This is a pretty straightforward question for which I have not yet managed to find an answer on the internet. In Wikipedia's article on the Optional Sampling Theorem (OST), the discrete version of the theorem is stated; one of the possible conditions listed for the theorem to hold is:
(c) There exists a constant $c$ such that $|X_{t \wedge \tau}| \leq c$ a.s. for all $t \in \mathbb{N}_0$ where $\wedge$ denotes the minimum operator.
where $X_t$ is the martingale and $\tau$ the stopping time.
Does this condition also hold for the continuous version of the theorem: $t \in \mathbb{R}_+$?

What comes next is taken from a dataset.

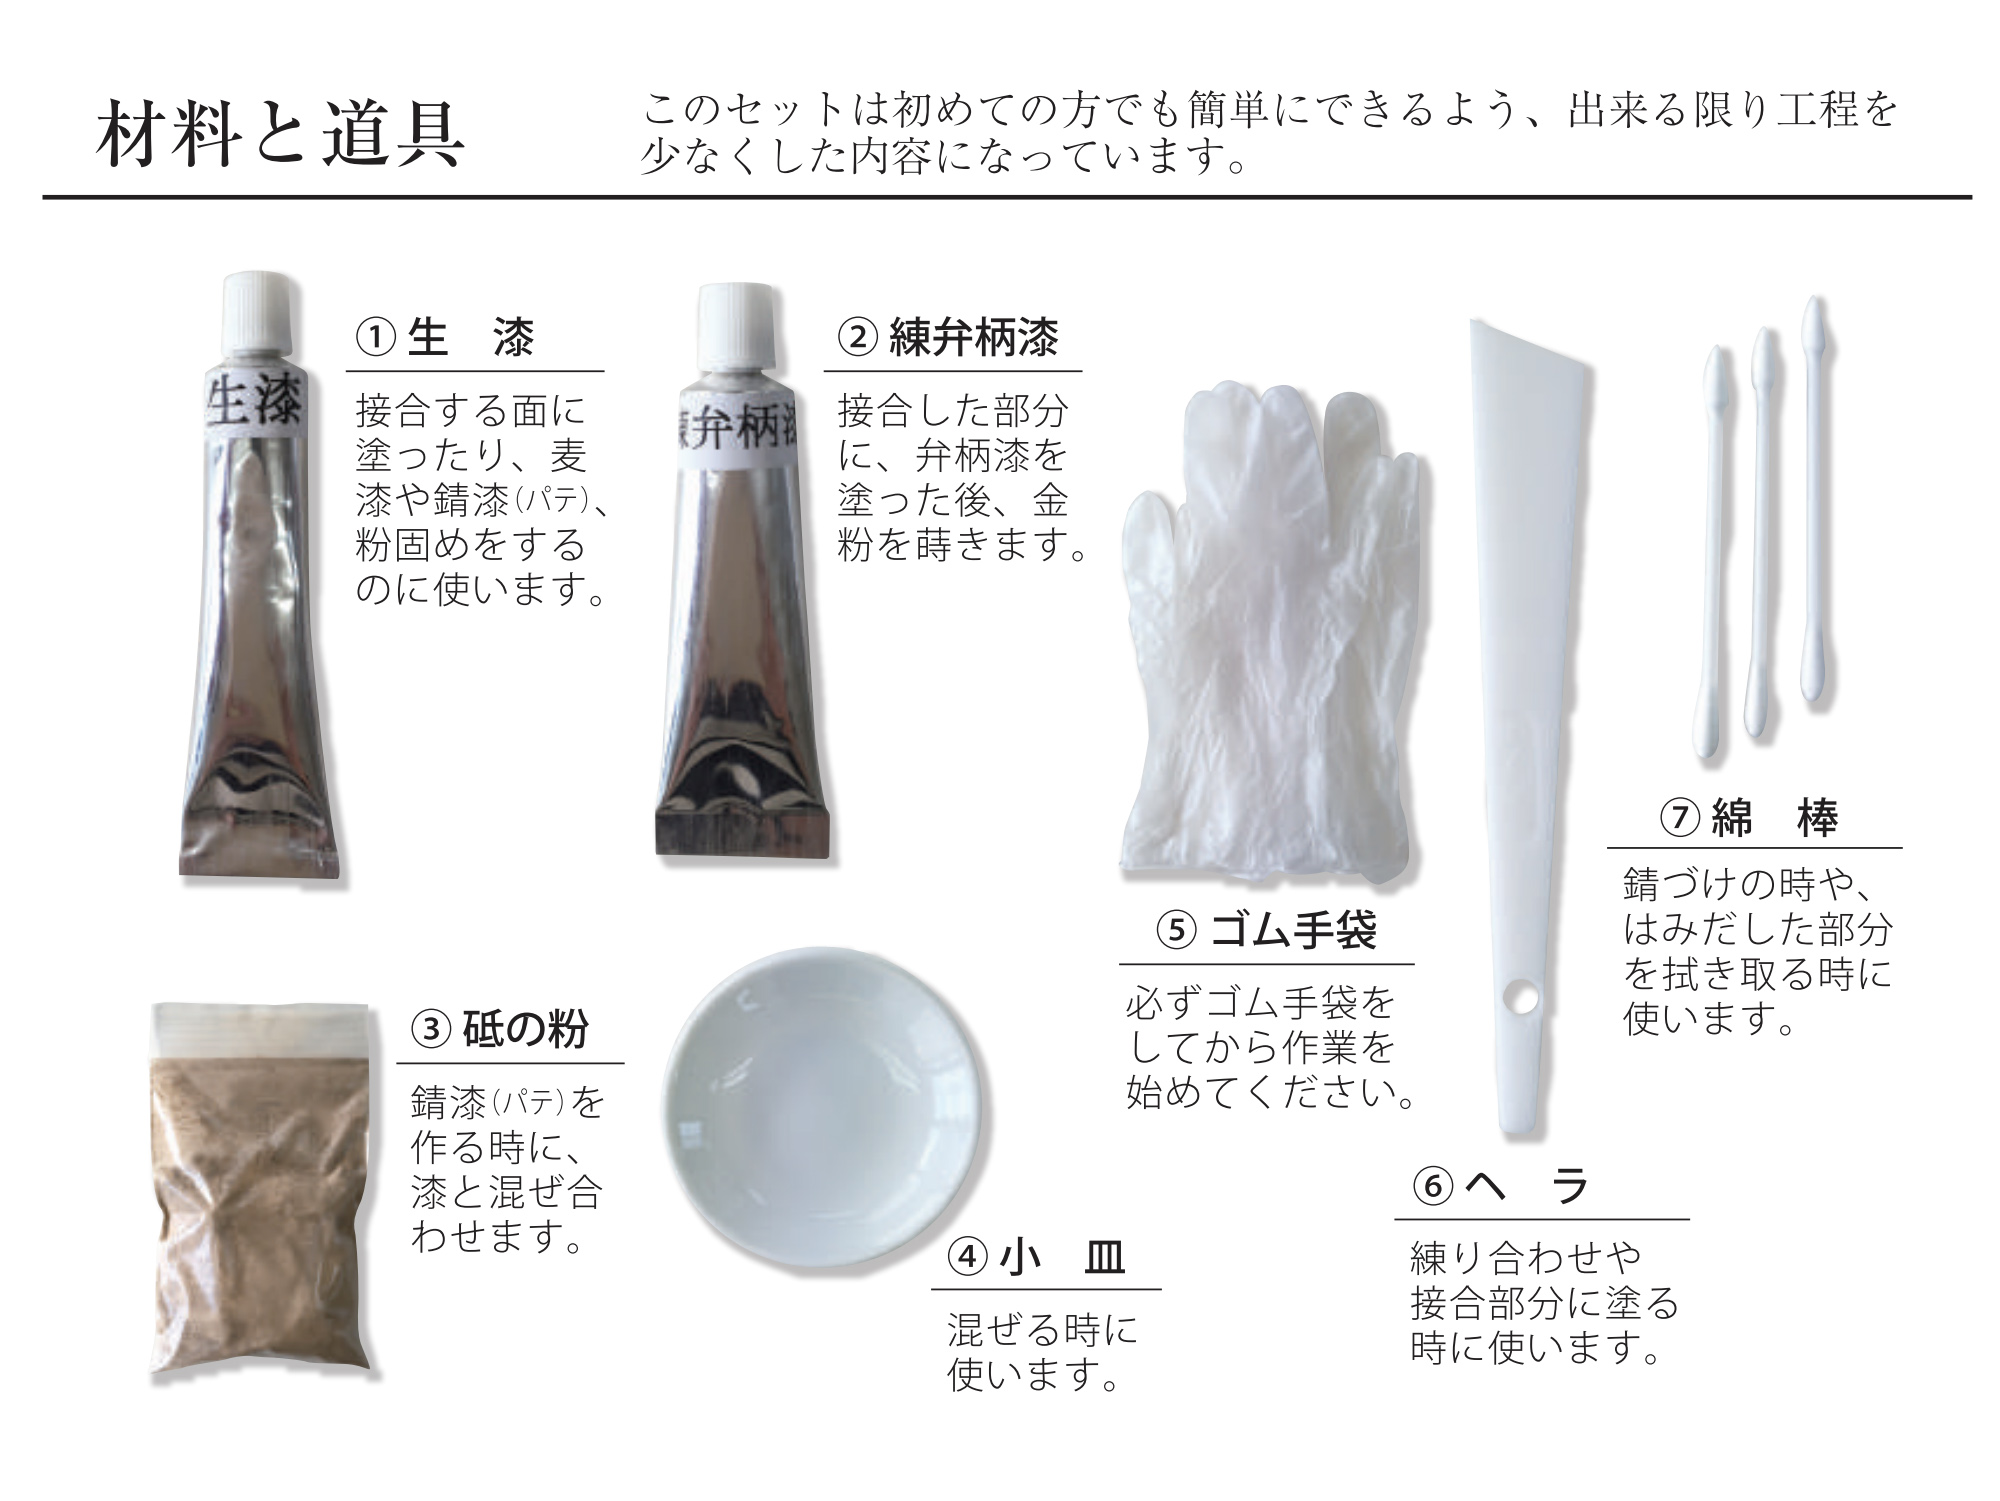 Minowa Japanisch DYI Kintsugi Kit Keramik Gold Reparatur Inc Real Gold 2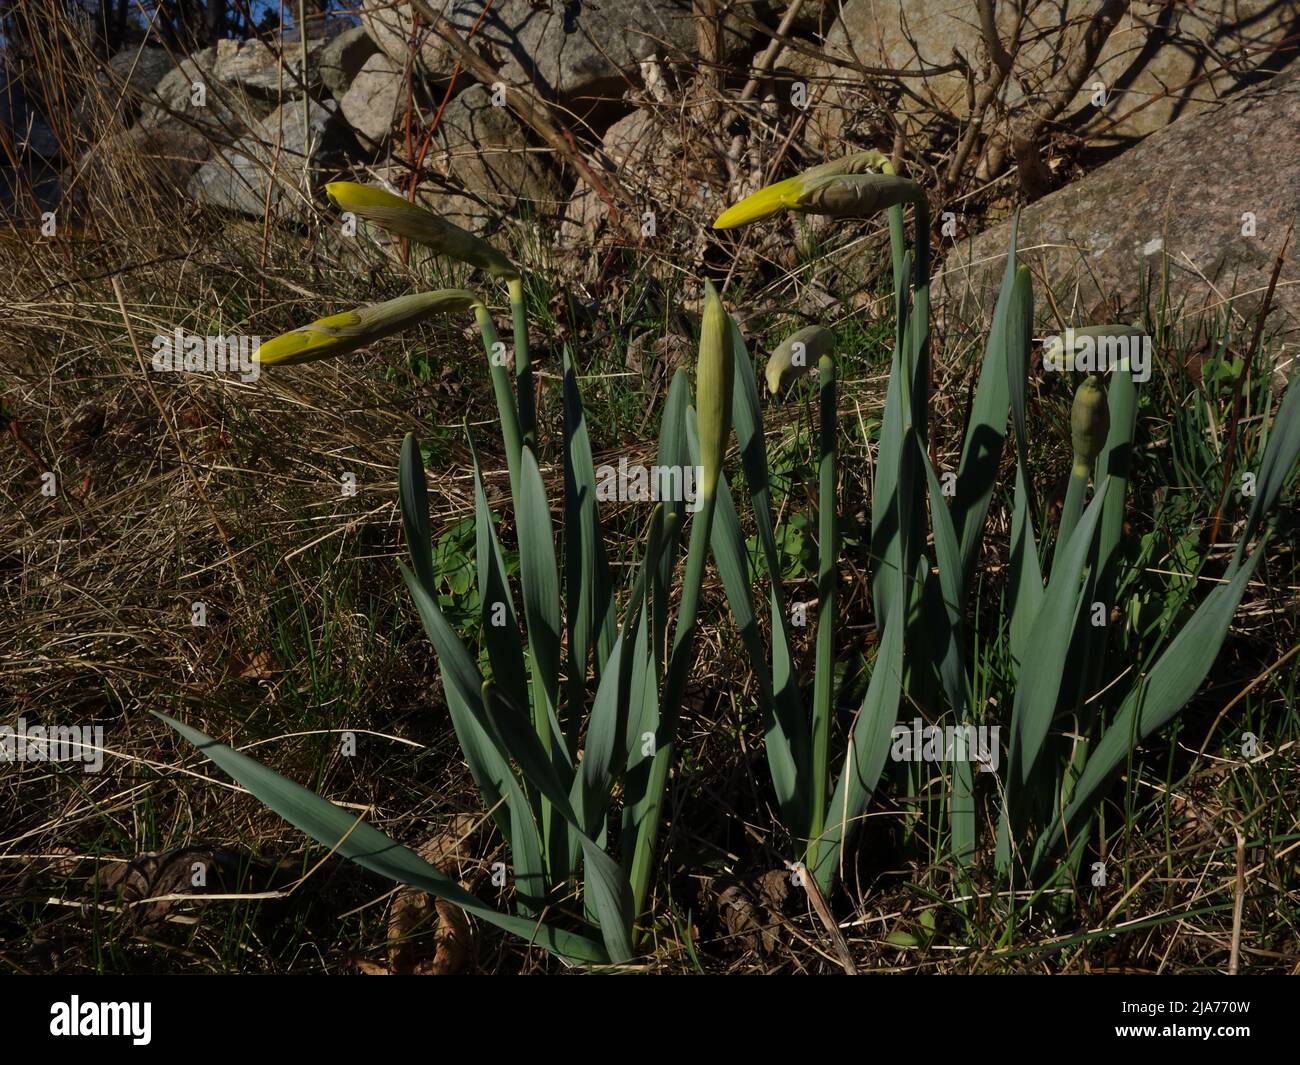 Daffodils bud in the spring sun. Stock Photo

Any reference would be appreciated.
Yes, and the proof is the same: since $t\mapsto X_{t\wedge\tau}$ is a bounded martingale, it converges almost surely and in $L^1$ to some random variable which we call $X_\tau$ (note that $X_\tau(\omega)=X_{\tau(\omega)}(\omega)$ for all $\omega\in\{\tau<\infty\}$, so the notation is justified). By the martingale property, we have $$E[X_\tau]=\lim_{t\to\infty}\mathbb E[X_{t\wedge\tau}]=\lim_{t\to\infty}\mathbb E[X_0]=\mathbb E[X_0].$$